The extracted proteins from CRC cells were performed through RIPA buffer. Next, the separation of proteins was done under 10% SDS-PAGE, then the transferring of proteins to PVDF membranes (Beyotime, Shanghai, China) was conducted. Post sealing by non-fat milk, the primary antibodies against USP21 (1 µg/mL; ab112014; Abcam, Shanghai, China), ZEB1 (1:1,000; ab32503) and GAPDH (the internal reference, 1:2,000; ab9485) were mixed into the membranes for 12 h at 4 °C. Next, the appropriate secondary antibodies (1:1,000; ab7090) were also mixed into the membranes for 2 h. Lastly, the chemiluminescence detection kit (Thermo Fisher Scientific, Inc., United States) was adopted for assessing the blots.
HCT-116 and SW480 cells (1,000 cells/well) were put into the 6-well plate, and cultivated for 2 wk. Next, the fixing (4% paraformaldehyde) and staining (0.1% crystal violet) for colonies were made. The images were gained under a microscope.
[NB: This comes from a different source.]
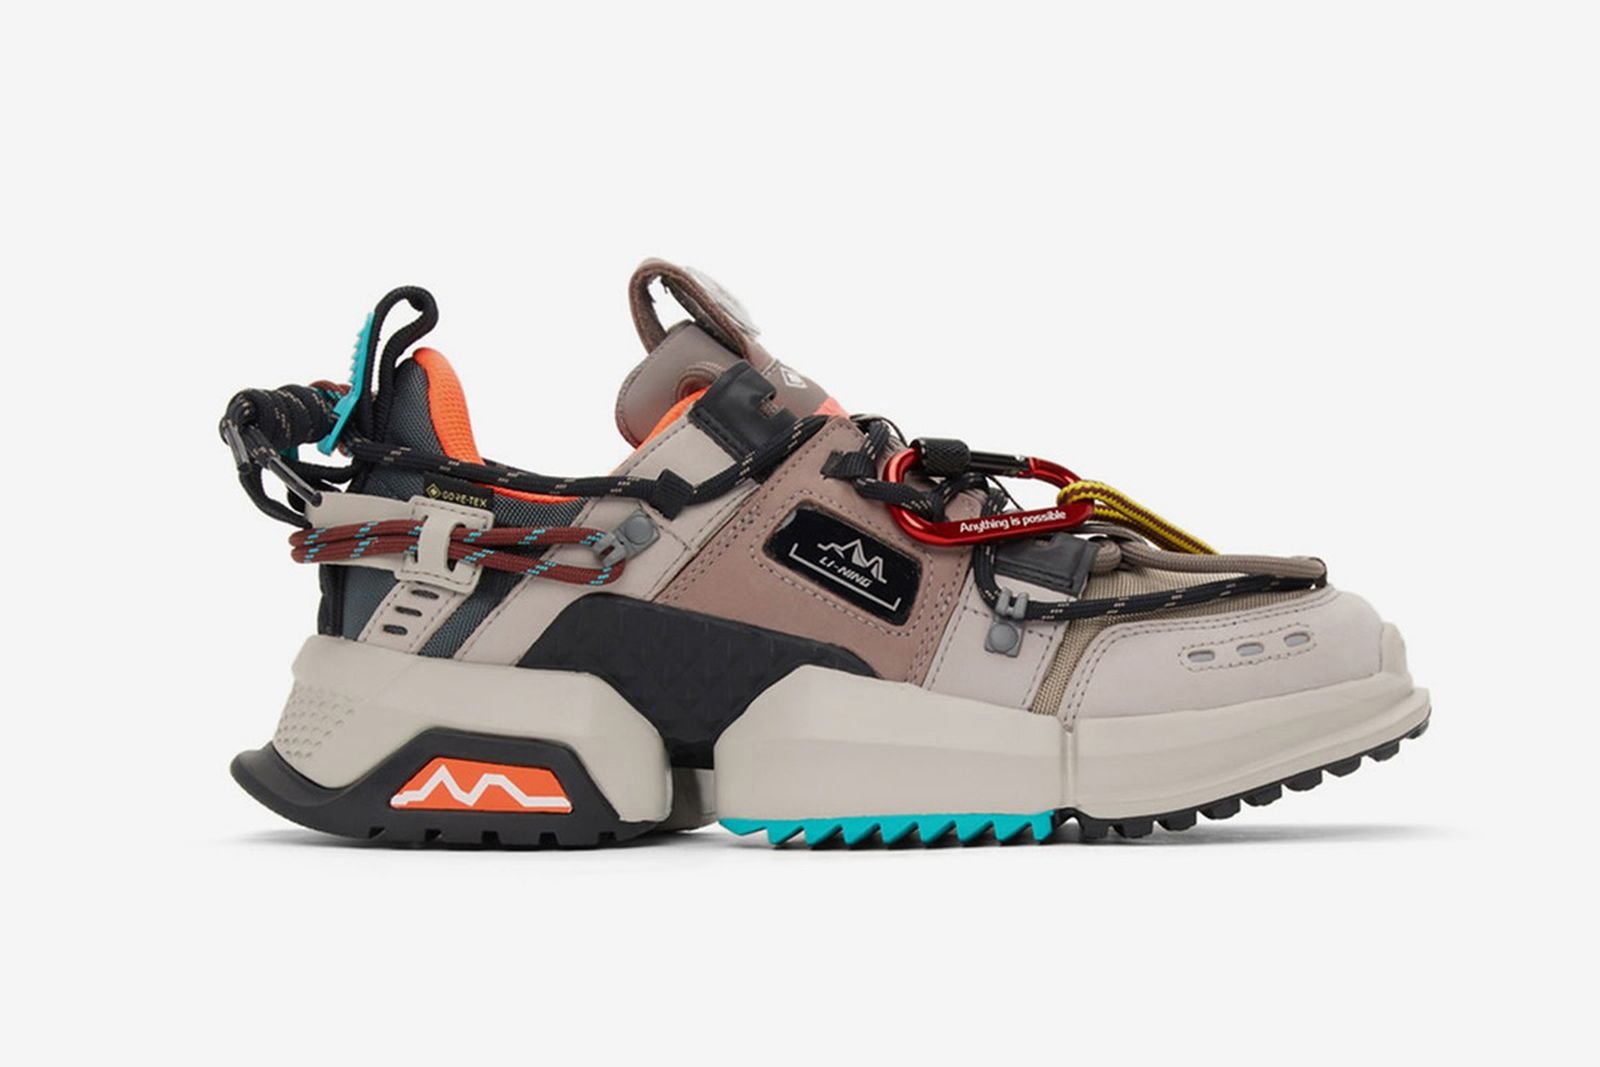 futuristic sneakers

The cell invasion or migration abilities were evaluated with using Transwell chambers (Corning Life Sciences, Corning, NY, United States) covered with (or not) the Matrigel (Becton Dickinson, United States). The upper chambers were added with HCT-116 and SW480 cells (1 × 105) and RPMI-1640 medium (200 μL), and the lower chambers were added with the DMEM medium (600 μL) with 20% FBS. Post 24 h, the invaded and migrated cells were made for the fixing (90% ethanol) and dyeing (0.1% crystal violet). Eventually, the invaded and migrated cells were counted through a microscope (Olympus Corporation, Tokyo, Japan).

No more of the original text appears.